People told us their care workers were caring and that they were treated with kindness and respect. Care workers ensured people’s dignity was respected at all times when they received personal care and asked for their permission before supporting them. People told us the care workers helped them to remain independent. The service responded quickly when notified there had been a change in a person’s needs or preferences. People were supported by the service to express their views which were taken into account in developing the service.
People felt the service was well organised and managed. This was also the view of care workers who told us they were supported by the registered manager and office staff, to carry out their role effectively. However, we found that the systems in place to monitor the quality of care provided were ineffective. We were concerned that care workers did not adequately complete people’s care records and they were not returned to the service’s office regularly for review. This had not been identified by the service’s internal audit system. Similarly, gaps in people’s medical records had not been highlighted by the service’s internal audit.
We found a number of breaches of the Health and Social Care Act 2008 (Regulated Activities) Regulations 2010. You can see what action we told the provider to take at the back of the full version of the report.
9th August 2013 - During a routine inspection
Before people received any care or treatment they were asked for their consent and the provider acted in accordance with their wishes. People we spoke with told us they felt in control of how their care was delivered. One person told us, “They always ask my permission before they do anything.” Another person told us, “they do things the way I ask them to.” We found that people’s needs were assessed before care was delivered and people were involved in their care planning. People’s care was planned and delivered to meet their individual needs and to ensure their welfare and safety. People knew the details of their care plan and were satisfied with the way care was delivered. People who use the service were protected from the risk of abuse, because the provider had taken reasonable steps to identify the possibility of abuse and prevent abuse from happening. People we spoke with told us they felt safe. We found that staff received regular training in safeguarding vulnerable adults and had good knowledge about safeguarding people who use the service from abuse. There were effective recruitment and selection processes in place and appropriate checks were undertaken before staff began work. People who use the service, their representatives and staff were asked for their views about their care and treatment and they were acted on. We found the provider had an effective system to regularly assess and monitor the quality of service that people receive.

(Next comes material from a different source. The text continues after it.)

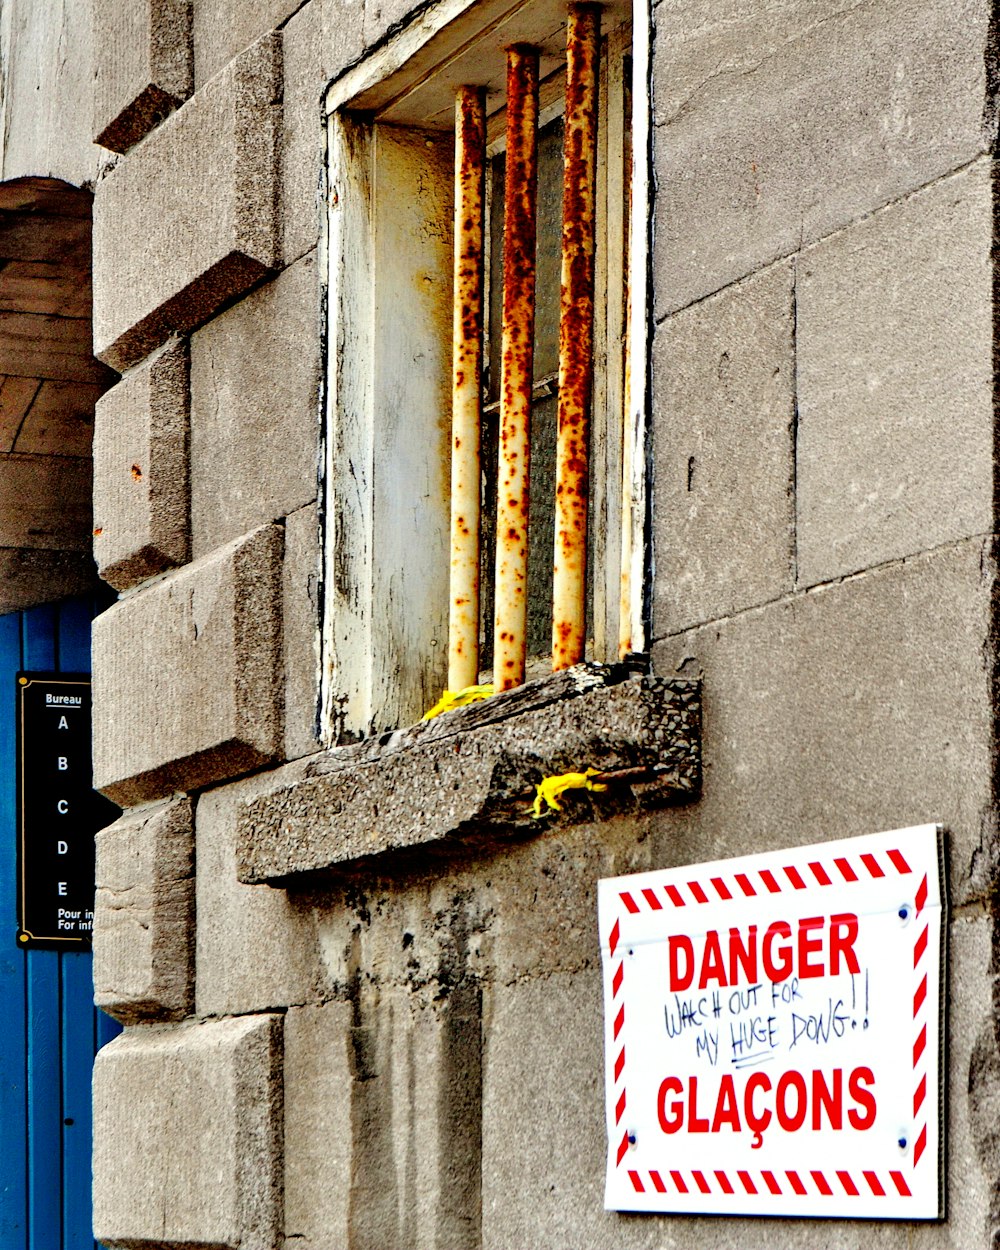 Danger signage on wall

21st November 2012 - During a routine inspection
We saw some satisfaction surveys that had been completed recently by people using the service and/or their representatives and they were all happy with the care being provided by the agency. People who use the service were given appropriate information and support regarding their care and support. Their care records showed that their needs had been assessed by the agency’s staff and care plans drawn up accordingly. The manager confirmed that people’s needs were re-assessed when there were changes. We saw records that people needs were being reviewed on a regular basis in conjunction with the placing authority.